Reflection by T.C. Lo on the 50th year anniversary for the first man to walk on the moon
I have never forgotten the very day fifty years ago. Astronaut Neil Armstrong spoke the phrase “The Eagle Has Landed” to announce the successful landing of the Apollo 11 his famous lunar module named “Eagle” in the Sea of Tranquility on the moon on July 20, 1969. As the first man to walk on the moon, he uttered his famous line: “That’s one small step for man, one giant leap for mankind.” Less than 20 years later, Armstrong, a devoted Christian, came to Poughkeepsie, NY, to speak at an evangelical meeting where I brought my children (Esther and Tim) there to listen to his view on Christianity.
However monumental this historic event might have been, let us look back in time to see what had happened before it. Ravi Zacharias described it beautifully with theological insight (Ref. 1):
“On August 7, 1961, twenty-six year-old Major Gherman Titov became the second soviet cosmonaut to orbit the moon and return safely, climaxing a monumental feat for mankind. Sometime later, speaking at the world fair and savoring his moment of glory, he recounted this experience, vouchsafed to a privileged few. Under a triumphalist pretext, he let it be known that, on his excursion into space, he hadn’t seen God. Upon hearing of this exuberant argument from silence, someone quipped, “Had he stepped out of his space-suit he would have!” Evidently reluctant to restrict the immediate gains of the moment to the disciplines directly involved in that endeavor, Titov attempted to draw theological blood. Thus, one great step for science became for him, an immensely greater leap in philosophy.
On Christmas Eve, 1968, three American astronauts were first human beings to go around the “dark” side of the moon, away from the earth. Having fired their rockets, they were homebound on Apollo 8, and beheld our planet in a way that human eyes had never witnessed before. They saw Earth rise above the horizon of the moon, draped in a beauteous mixture of white and blue, bordered by glistering light of the sun against the black void of space. And in the throes of this awe-inspiring experience they open the pages of the book of Genesis and read for the world to hear ‘In the beginning God created the heaven and earth…’

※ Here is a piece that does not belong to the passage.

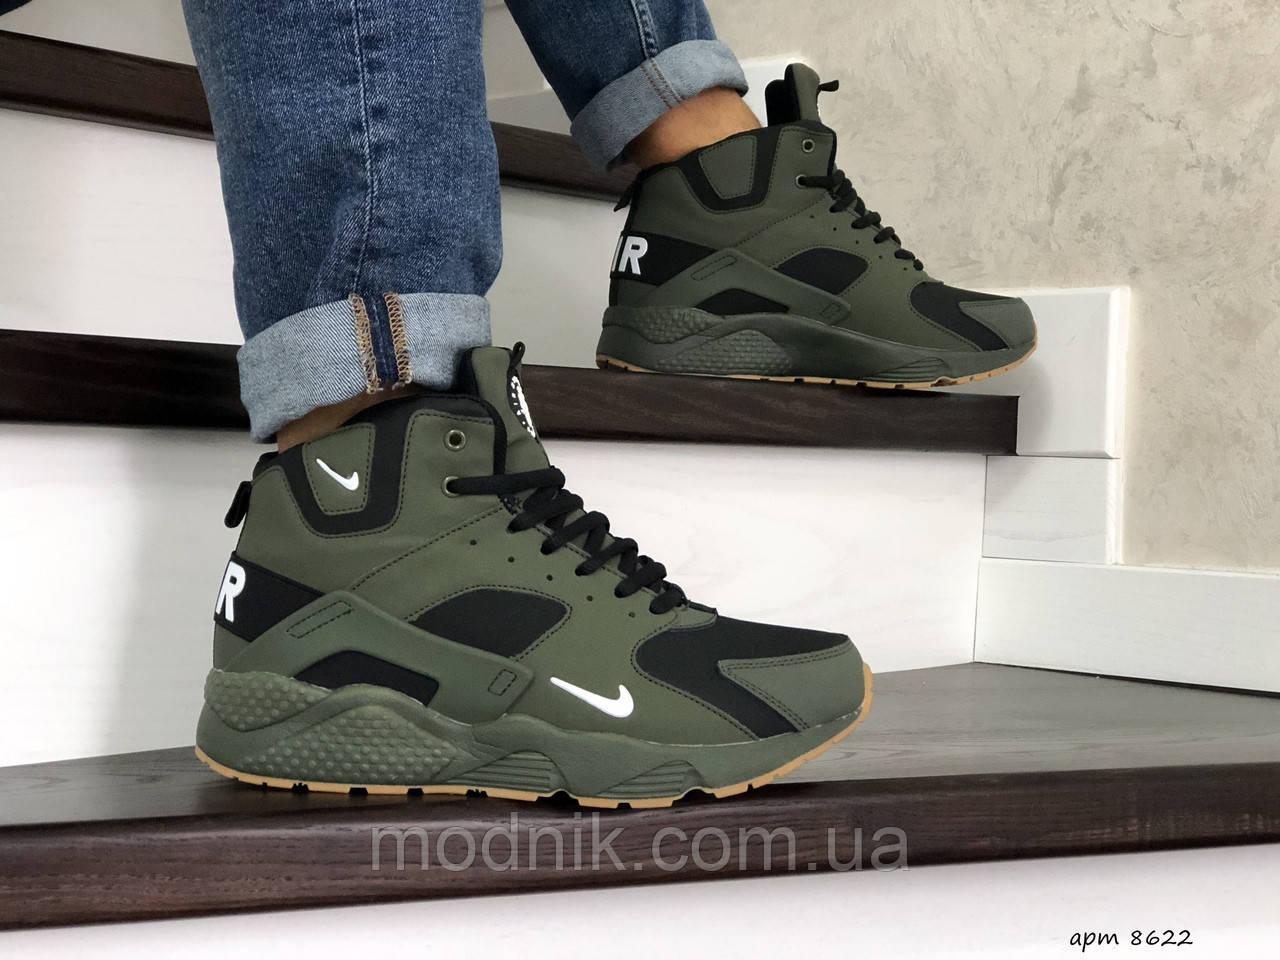 Мужские зимние кроссовки Nike Air Huarache (темно-зеленые)

Two similar experiences of awe and exhilaration; two diametrically opposed conclusions about the nature of the world. Such a chasm is quite understandable, for these two incidents carried into space the most fundamentally debated question on earth: Does God exist? Has God created man, or has man created God? Is God indispensably to any cosmological explanation, or is he only a psychological necessity of men? Theism or atheism?
In 1952, Encyclopedia Britannica published a fifty-five-volume series entitled The Great Books of the Western World. Mortimer Adler, the noted philosopher and legal scholar, was co-editor of this series, which marshaled the eminent thinkers of the western world and their writings on the most important ideas that have been studied and investigated over the centuries. This includes ideas in law, science, philosophy, history, theology, and love that have shaped the minds and destinies of people. These essays are assembled for comparison and contrast. Very striking to the observant reader is that the longest essay is on God. When Mr. Adler was asked by a reviewer why this theme merited such protracted coverage, his answer was uncompromising. “Because,” said he, “more consequences for life and action follow from the affirmation or denial of God than from any other basic question.”
Ref. 1 “The Real Face of Atheism” by Ravi Zacharias; pp 19-21.